В семнадцатом веке французский поэт Пьер Матье написал такие строки:

Пейзаж смерти нельзя спутать

Ни с каким другим пейзажем.

Здесь солнце всегда в зените.

Заблудиться здесь невозможно,

Кто идет против дня, не должен бояться ночи.

Ни малейшего страха. Деловитый и спокойный тон путеводителя. Использование древней метафоры "день — жизнь, ночь — смерть" традиционно подчеркивает наше центральное непонимание проблемы, ибо хорошая метафора создает напряженную обстановку вокруг, но никак не проясняет сути вопроса. Каждый из нас худо-бедно представляет, что такое "жизнь", хотя подобное представление субъективно и фантастично. "Смерть" проступает химерической сказкой, если "химеру" понимать в смысле чудовища греческой мифологии. И все же мифологическая смерть своеобразна и отличается от любой другой — в ней отсутствует "ничто", полное уничтожение, тотальная пустота. Так или иначе, это крайне оригинальная форма жизни. Нельзя увидеть абсолютную тьму или абсолютный день. То же касается смерти и жизни — речь может идти только о гипотезах одна другой непонятней. На специалистов по греческой мифологии века христианского господства оказали столь серьезное влияние, что необходимо пристальное внимание, дабы отличить одно от другого.

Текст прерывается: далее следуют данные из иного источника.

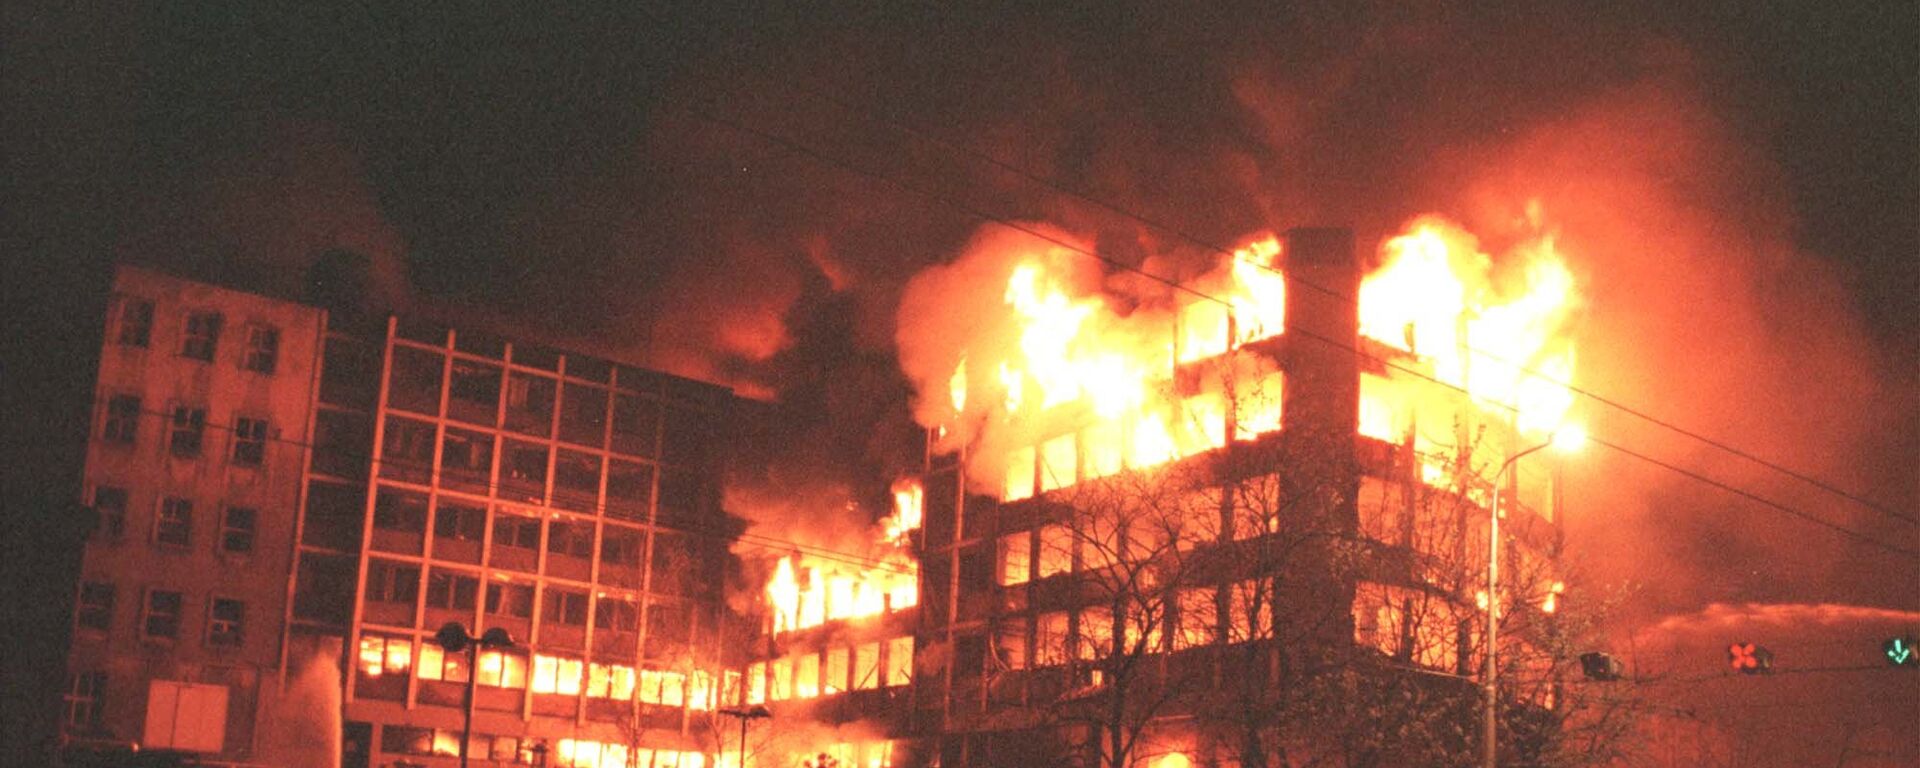 Bombardovanje Beograda 1999. - Sputnik Srbija, 1920, 28.03.2021

Смерть разделяет душу и тело — таков общий постулат. Но в греческой мифологии и в христианстве совершенно разные понятия о том и о другом. Душа оживляет тело — спору нет. Но если у христиан душа пребывает в теле, то в греческих мифах наоборот — тело пребывает в душе. Поэтому греки принимали смерть несравненно легче, нежели люди более поздние: либо как освобождение от нечто тяжелого и гнетущего, либо как утрату сравнительно приятного, но рискованного дара. Отсюда полностью иное отношение ко всему на свете, о котором ныне можно только гадать.

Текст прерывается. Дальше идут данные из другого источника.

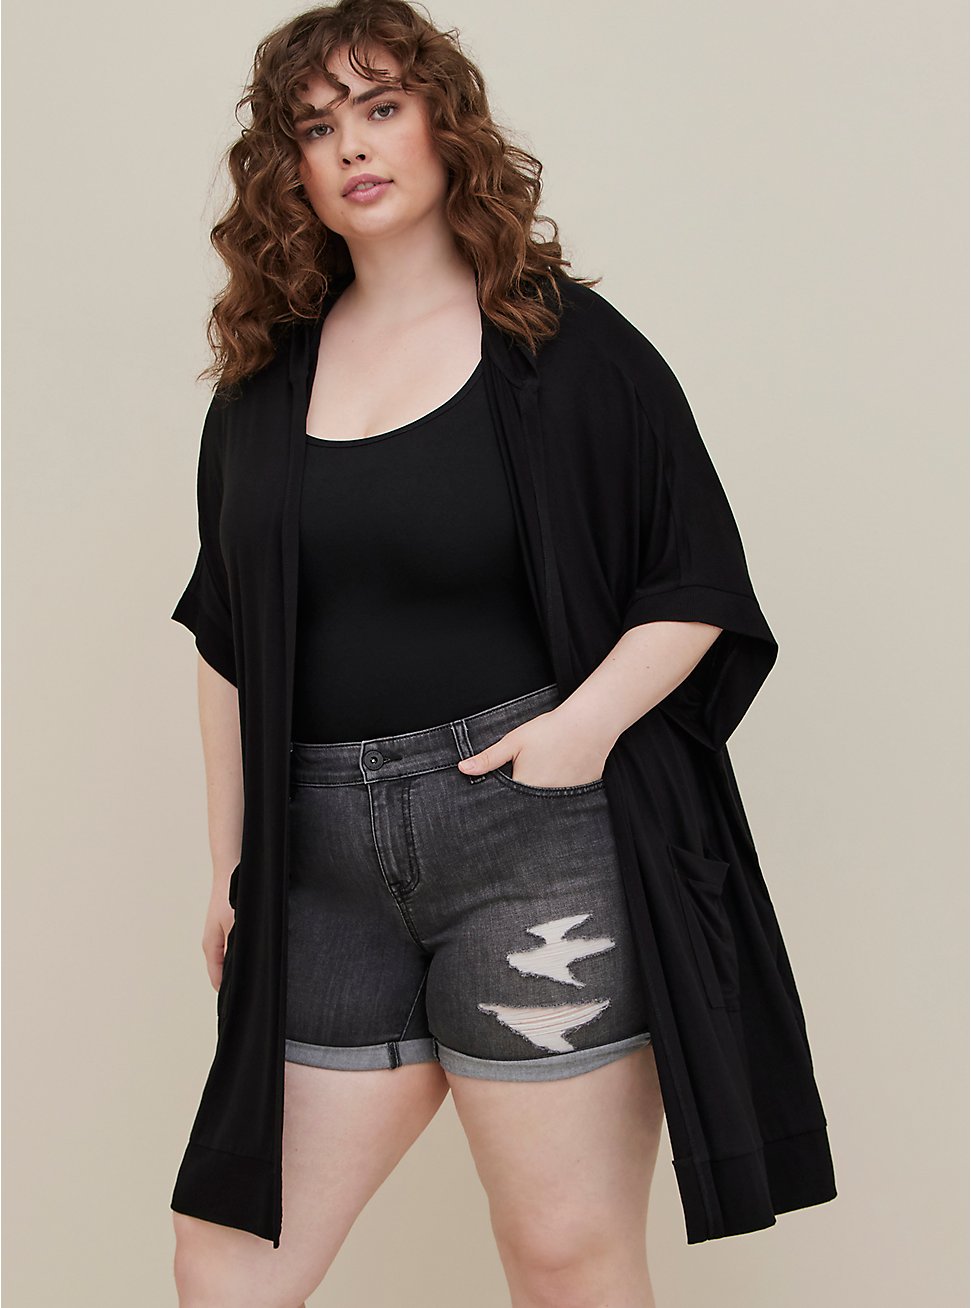 Plus Size LoveSick Sweater Cape - Super Soft Black, DEEP BLACK, hi-res

Неподалеку от дворца Аида и Прозерпины — его окружает луг, поросший асфоделиями, — текут две реки: забвения и памяти. Слева — белый кипарис, отраженный в Лете (реке забвения), справа — белый тополь, отраженный в водах Мнемозины (реке памяти). Но до этого необходимо, чтобы скупой старик Харон за обол (мелкую монету) переправил покойника через Стикс. Если родственники забудут положить обол под язык мертвеца, перевозчик вполне способен отвезти челн за Стикс в непроходимые болота и сбросить там своего "пассажира". Из этих болот выбраться невозможно. Вообще говоря, вопросов здесь куда больше, нежели ответов. Что значит для призрака "непроходимость"? Да и тот, кто после гибели физического тела попадает в аид, может называться призраком? Мы опять встречаемся с вопросом о душе и теле. Душа только своей незначительной частью оживляет избранный объект — человека, животное, камень. После смерти (разделения) форма объекта туманным силуэтом уходит в аид — при ней остаются обрывки памяти, тени чувств, разнообразные ассоциации телесной жизни. Этим воспоминаниям покойный обязан карам и наказаниям, которые его поджидают в аиде. Более о судьбе туманной формы сказать ничего нельзя — она разлагается, рассеивается…Эврипид предполагает, что эти туманные формы уплотняются, сгущаются в виде облаков и туч и, проблуждав некоторое время по каменистому небу аида, падают дождем, обретая таким образом "вторичную смерть". Но возможно это лучший выход для них, если вспомнить слова "тени Ахилла", что "судьба поденщика бедного крестьянина лучше судьбы повелителя аида". Отсюда желание грешных людей попасть в Лету (реку забвения), то есть потерять память. Воспоминания и наказания возрастают соответственно. Только праведники и посвященные (скажем, в Элевзинские мистерии) сохраняют ориентацию и продолжают путь к белому кипарису или тополю, дабы не перепутать эти два дерева. Купанье в реке памяти (Мнемозины ) помогает разделить смертную воплощенную часть души от бессмертной. В отличие от христиан, изначально обладающих бессмертной душой, ситуация древних греков куда сложней. Христианин может "продать" или "потерять" душу, она, отягощенная грехами, может опуститься на самое дно ада.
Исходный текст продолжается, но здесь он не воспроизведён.